As Iain walked by yesterday with his two chest tubes and no walker, one of the cardiology fellows, Manish, mentioned that Iain was a beast and he should be set up as an example to other patients to what they can achieve.  I have to admit, it has been easier to share his advances.  What I do not share are all the daily things he deals so stoically.  This week he has a lot of nausea.  He does not complain about it or anything else, he just deals with it.  But I can see it is miserable.  Nevertheless he pushes on and rarely takes a break from his daily routine (well apart from the algebra).

Iain's Orders

Is that we need a much better photo. This is from yesterday on the roof top garden with Sarah Dorman wearing his new Adidas hoodie from the professional climber Libby Sauter who is also interestingly enough a pediatric ICU nurse.Today was a better day for Iain in the sense that he was not suffering from the nausea that he has had for a few days.  This would be good news normally but it is most likely related to the fact he stayed on the vent all day due to the procedure to change the location of the chest tubes.  A bit of a double edged sword.  Nevertheless, it looks like the new location of the chest tubes is a big hit with the lungs.  The tubes are bubbling away and I think the last XRay saw a decrease in the pneumothoraces. Yippee!

Today's Goals

Iain is currently in Intervention Radiology where they will use the images from yesterday's CT to try to repostion the two chest tubes to better extract the air around the lungs.  These pneomothoraces are his real remaining medical issue, granted a significant one.  I really feel that he will take off once these are resolved.  The dark area on the left lung is the largerpneumothorax.  On the right it is not visible in this picture as it sits lower down.  Fingers crossed that this will be gone soon,


I was lured away by Marie-Laure who came down from Cincinnati and Sarah D. who flew in from Virginia for good food and very good wine on Saturday night.  The fellow this week, Rachel, and Iain's nurse, Daniel, who were on duty during the day colluded to persuade Iain it would be a marvelous idea for him to allow me to have a night off. It was very sweet as they all trooped in to tell him how they were all going to take care of him - like they don't anyway!  As you know these doctors and nurses are incredible.  On Friday night Dr. Sandeep signed out of his service then played 45 minutes of Xbox with Iain and was soundly trounced.

Brownies on the 4th Floor

Iain started to recover last night from the collapse of the lower left left and although back on the ventilator yesterday he managed to walk around the whole heart center.  He did the same again today and also went to the 4th floor with a wheelchair to make brownies.  

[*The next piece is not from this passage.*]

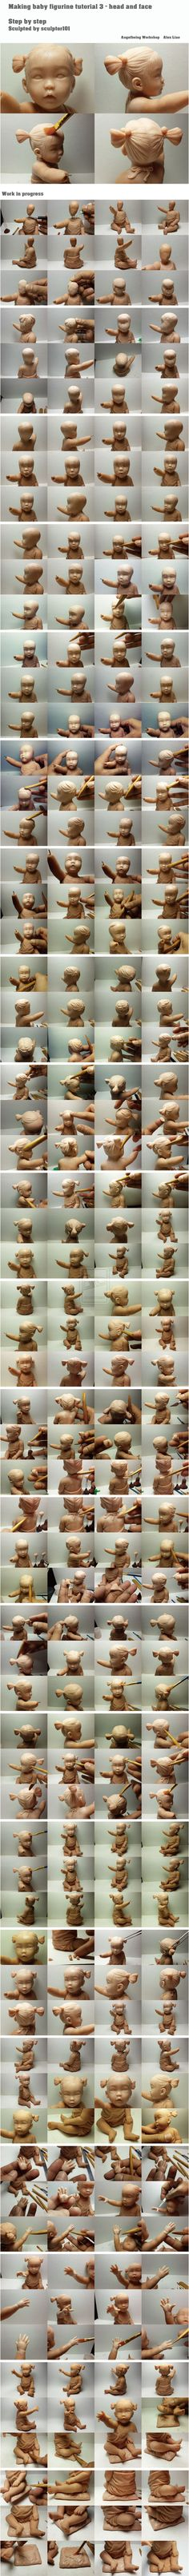 Making baby figurine tutorial 3 by sculptor101.deviantart.com on @DeviantArt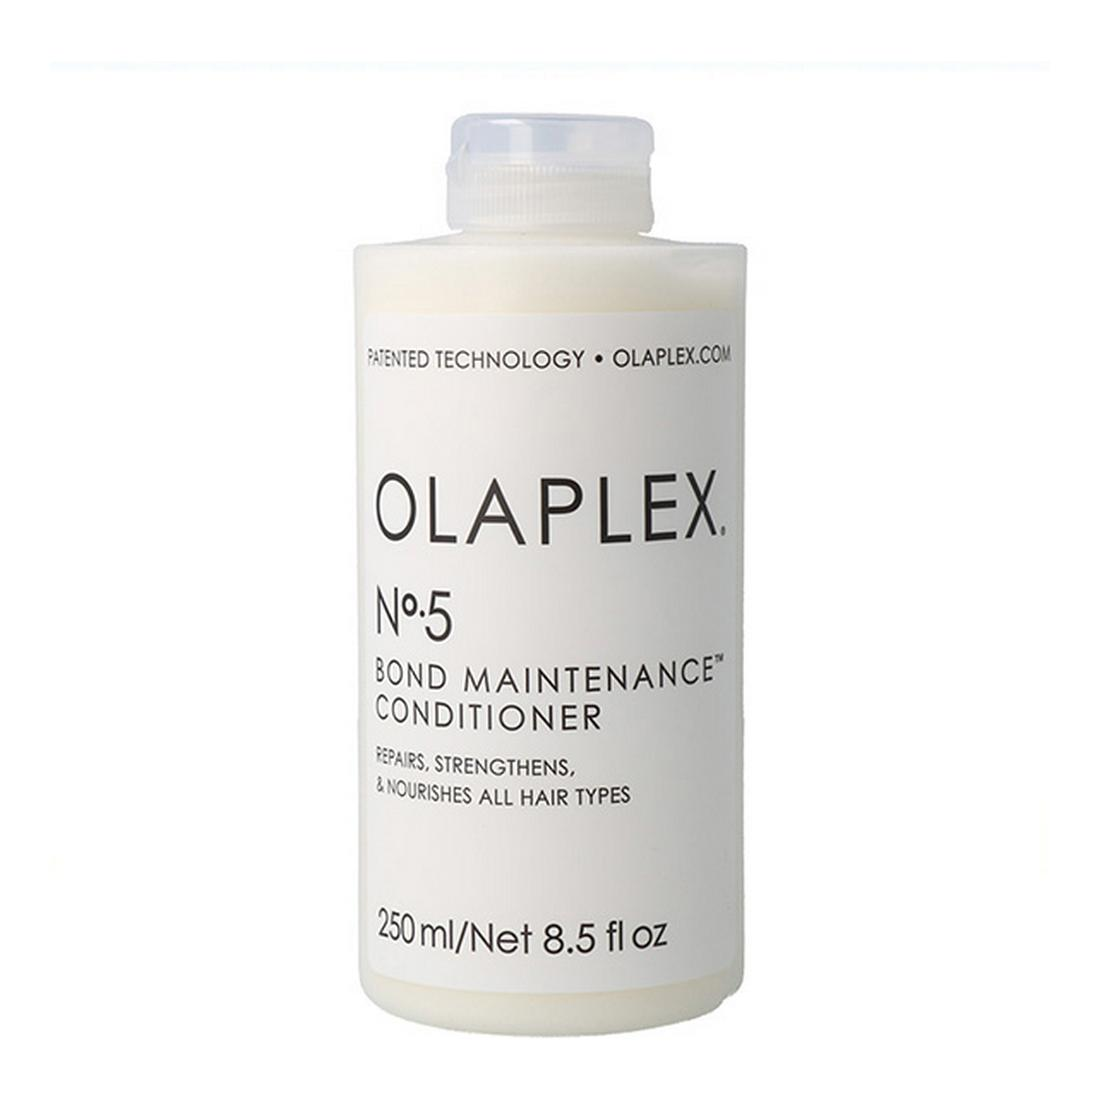 Bond Maintenance Conditioner No.5 - Olaplex - 250 ml - hc

Thursday - One Day it Will Be Funny!

This morning, I awoke to Iain asking the Pulmonologists how quickly he could get off support.  Everyone had been encouraged how yesterday he had done 6 hours off the trache and walked 250 ft without ventilator support.  He asked to go back on the trache collar quickly which just administers a minimal amount of oxygen to speed up his rehab.  As he transitions to the trache collar the secretions which are kept down by the pressures the vent administers start to make him cough and these can be exhausting but he knows it and knows he has to get through it to be able to breath comfortably.  This time, his sats just kept dropping and his heart rate rose.  We initially thought it was  bit anxiety and tried to talk him through it. Eventually we all realized that something was going on.  Ultimately his left lung has collapsed.  The good news is that it may be due to a build up of secretions.  So they are trying to treat that.

Defying Expectations

Iain's goal this morning was to walk with the walker to his doorway and by the end of the week it was to be about 100ft.  This morning he kept walking out of the door.  By this afternoon he had done a solid 250 ft to the acclaim of the entire CIUC unit. He looked so strong people were utterly astonished.  Carol, his PT was positively giddy with excitement.